Atypical Sexual Desires and Behavior

Bijlenga et al found that compared with neurotypical females, females with ADHD were more prone to report transvestic fetishistic desire (5% vs 0%), transvestic fetishistic activity (5% vs 0%), and pedophilic desire (2% vs 0%). No significant differences were found between ADHD and neurotypical males.36

Risky Sexual Behaviors Age at First Sexual Intercourse

Six studies investigated age at first sexual intercourse.34,35,37–40 These studies consistently reported that compared with neurotypical individuals, people with ADHD engage in sexual relations and/or intercourse at a significantly younger age (ADHD ranging from 15.3 to 17.90 years old and neurotypical peers ranging from 16.3 to 18.39 years old). When outcome was examined separately by gender, one study found that while ADHD females were significantly younger at the time of their first sexual experience than neurotypical females (ADHD females 14.3 years vs neurotypical females 17.0 years), there were no significant differences for males (ADHD males 15.8 years vs neurotypical males 16.5 years).35 This however contrasted to a small study by Rokeach and Wiener,40 who found the reverse (ADHD males 14.50 years vs neurotypical males 16.40 years; ADHD females 15.50 years vs neurotypical females 15.33 years). The small sample however limits the generalizability of the findings. The relationship between ADHD and earlier age at first sexual intercourse may be partially mediated by an academic positive bias.38

Use of Contraception

Five studies investigated use of contraception. Two studies found no direct association between ADHD and irregular use of contraception,38,40 whilst other studies found that those with ADHD were less likely to regularly use contraception when compared to neurotypical peers;34,37,41 this was however dependent on definitions used. For example, Huggins et al found no significant differences between groups on item “failure to use effective prophylactic method”, though they did find a significant interaction between gender and ADHD status on item “failure to use condoms”; sexually active females with ADHD were significantly less likely to use condoms compared to neurotypical females, ADHD males and neurotypical males.41 Similarly, in a male only sample, Flory et al found no significant differences between groups for infrequent (defined as less than almost always) use of reliable birth control methods (pill, condoms, foam, diaphragms), though ADHD males were significantly more likely to have had casual sex with infrequent condom use. ADHD status demonstrated an independent risk, with ADHD males without comorbid ODD or CD being 5 times more likely to have had casual sex with infrequent condom use compared to neurotypical peers.37

Pregnancy

Eleven studies investigated association between ADHD status and pregnancy, and mediating factors. Studies generally reported ADHD was associated with an earlier age and higher incidence of pregnancy in comparison to neurotypical peers,34,37,39,44–49 with the exception of two small studies that had reduced power.40,41 One nationwide cohort study which examined pregnancy across various age intervals found that individuals with ADHD were significantly less likely than neurotypical peers to become parents in general. Those that did become parents were more likely to become parents at an early age compared to neurotypical peers (aged 12–16 IRR females 3.62; males 2.30).46

Other studies have examined mediators through which ADHD may lead to early pregnancy.
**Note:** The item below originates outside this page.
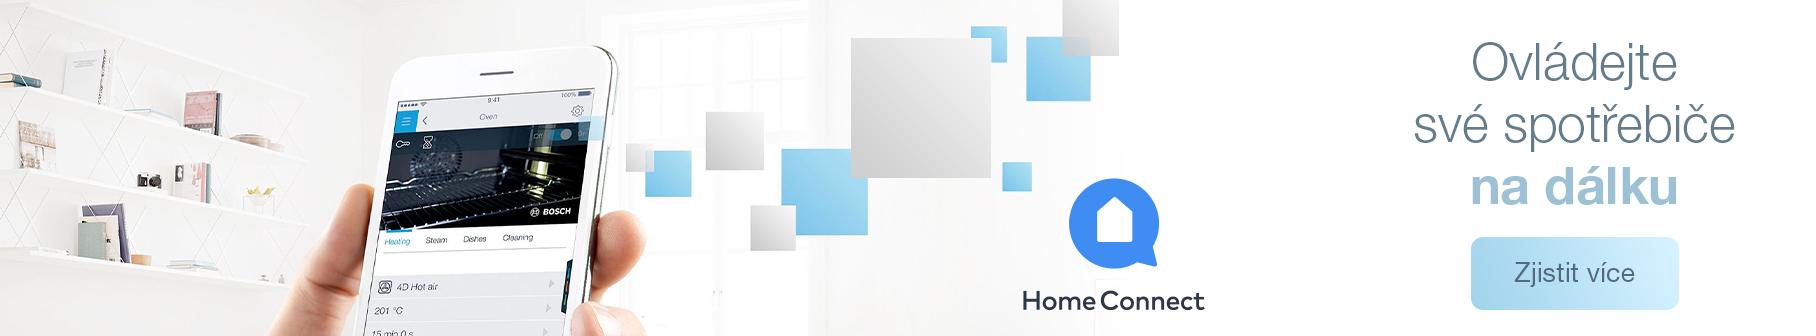 Bosch - Home Connect - Ovládejte své spotřebiče na dálku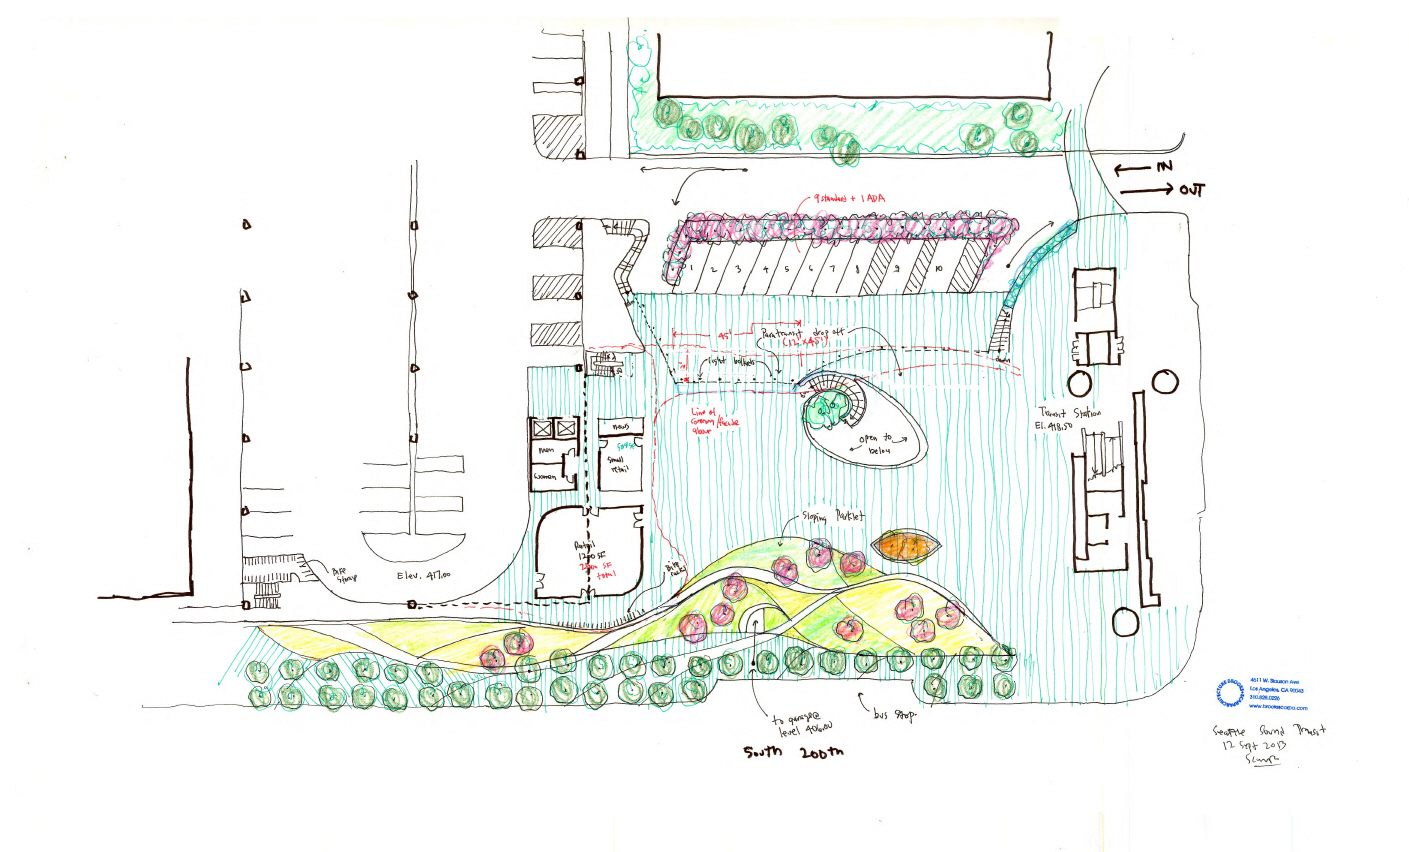 〔안정원의 건축 칼럼〕 안무가의 댄스 기하학에서 공간 라인을 매칭한 유기적인 디자인 3

Owens and Hinshaw found that substance use and academic achievement each mediated the relationship between ADHD and unplanned pregnancy in early adulthood via risky sexual behaviors. However, when analyzed simultaneously, only the pathway from childhood ADHD to academic achievement to risky sexual behavior to unplanned pregnancy was significant.47 Another study found that in simple univariate mediation models, delinquency/substance use, academic achievement, and persistence of ADHD symptoms during adolescence each mediated the association between ADHD and early pregnancy, though when allowed to covary, only delinquency/substance use remained a significant mediator of the association between ADHD and early pregnancy.45

A nationwide longitudinal study found that long-term ADHD medication use may significantly lower risk of any pregnancy (HR 0.72) and early pregnancy (HR 0.69).44

Sexually Transmitted Infections (STIs)

Five studies reported the association between ADHD and STIs. Three studies with limited generalizability due to sample size and sample characteristics found no significant differences between groups for contracting STIs,37,40,41 whereas two studies did.34,50 Barkley et al found that more individuals with ADHD reported having contracted an STI than neurotypical peers (17% vs 4%) and had also been tested for HIV (54% vs 21%), although no individuals reported testing positive.34 In Chen et al nationwide longitudinal study, adolescents (HR 3.27) and young adults (HR 3.57) with ADHD were more prone to developing any STI later in life when compared to those without ADHD. This increased risk was found for both men (HR 3.81) and women (HR 2.71). Both short-term (HR 0.70) and long-term users (HR 0.59) of ADHD medications had a significantly lower risk of developing any STI, although this effect was only observed for men.50

Sexual Victimization

Three studies investigated sexual victimization. A study which solely investigated sexual victimization at first sexual experience found no significant differences between individuals with ADHD and neurotypical peers.35 Two studies which examined experiences more broadly reported increased sexual victimization for individuals with ADHD (OR ranging from 1.41 to 3.31), compared with neurotypical peers.51,52 Rates of sexual victimization were reported to be similar for adults with both persisting and desisting ADHD.51 Authors have examined potential factors including sex, alcohol abuse, illicit drug use and history of child abuse as moderators and found that the link between ADHD and (attempted) rape was not strengthened in adults with these additional risk factors.51 In their study of college women, Snyder also found that ADHD remained a significant risk factor in predicting women’s sexual victimization when other theoretically important predictors were included in multivariate analysis.52 Data however was collected at the same time point for included studies, thus limits causal interpretations.

Sexual Perpetration

No studies investigating sexual perpetration met inclusion criteria.

Discussion

This review, to our knowledge is the first to provide a synthesis of a broad spectrum of psychosexual functioning in individuals with neurodiversity (specifically ASD or ADHD). The review revealed few available studies with a neurotypical comparison for each of the psychosexual outcomes, making it difficult to draw firm conclusions. Future research needs to address this, nevertheless some important findings were identified, and these are summarized in Table 1.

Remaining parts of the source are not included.